55 P. 689, 122 Cal. 669, 1898 Cal. LEXIS 657
CourtCalifornia Supreme Court
DecidedDecember 17, 1898
DocketSac. No. 400
StatusPublished
Cited by11 cases

This text of 55 P. 689 (Myers v. Sierra Valley Stock & Agricultural Ass'n) is published on Counsel Stack Legal Research, covering California Supreme Court primary law. Counsel Stack provides free access to over 12 million legal documents including statutes, case law, regulations, and constitutions.

Bluebook
Myers v. Sierra Valley Stock & Agricultural Ass'n, 55 P. 689, 122 Cal. 669, 1898 Cal. LEXIS 657 (Cal. 1898).

Opinion

CHIPMAN, C.

The complaint sets forth the following facts: Defendant corporation made its note to Charles and Margaret Perry for $1,500 December 24, 1892, payable two years after date. It was signed by plaintiffs and by defendants Pritchard, Dolley, Darling, and Newman as sureties; the payees assigned the note to Mrs. King; she demanded payment at its maturity, and, the corporation being unable to pay, plaintiffs and Pritchard and Dolley, sureties, under a legitimate and fair effort to protect their interest in the corporation property, on May 27, 1895, paid the amount then due ($1,790), each paying $223.75 thereof, the other two sureties, Newman and Darling, being unable to pay anything. The corporation had issued but 353£ of its 500 shares of capital stock, and all the parties, plaintiffs and defendants, held shares except defendant Darling, who held none.
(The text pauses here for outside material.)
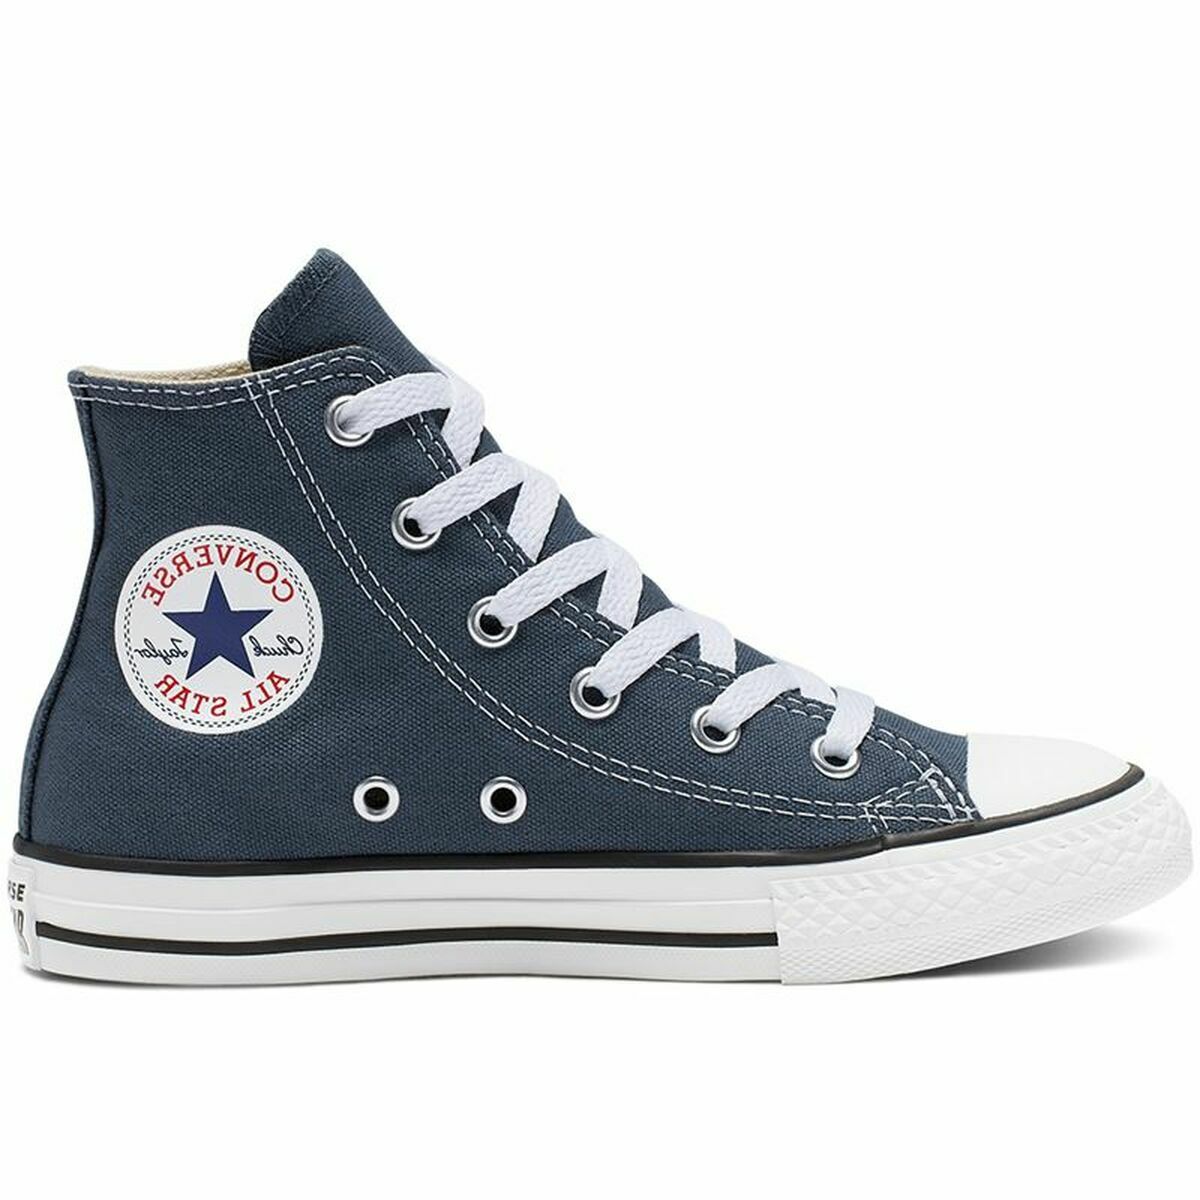 Sports Shoes For Kids Converse Chuck Taylor All Star Classic Dark Blue-Fashion | Accessories > Clothes and Shoes > Casual trainers-Converse-Urbanheer

Appellant Pritchard held 75 shares, and appellant, the literary society, 12-¡- shares. No other person held more than 24 shares. The complaint alleges other unpaid indebtedness of the corporation, the amount of which and the holders thereof being unknown to plaintiffs; and plaintiffs allege that “they seek in equity to be subrogated to the rights and remedies of said Mrs. King, .... and thus ask to enforce contribution against M. Pritchard, who owned 75 shares of the subscribed capital stock of said corporation, while plaintiffs owned but a small number (as aforesaid) of the shares thereof when said indebtedness of the said $1,500 loan was so incurred by said corporation, .... and pray that he pay to them his proportionate share of such indebtedness. These plaintiffs also, for the same reasons, and after their subrogation to the rights and remedies of said Mrs. King, demand contribution in equity, that each of the defendants who owned stock in said corporation when said $1,500 indebtedness was incurred pay them his proportionate share thereof.” An accounting of the affairs of the corporation and a receiver are asked, and that the property of the corporation be sold and the affairs of the corporation be wound up, and that plaintiff be subrogated to the rights of Mrs. King, and “that they thus be enabled to enforce, by way of contribution, recovery from M. Pritchard and the other owners of stock of said corporation, their proportionate share of said $1,500 note and indebtedness of said corporation so paid by the sureties thereon as aforesaid.”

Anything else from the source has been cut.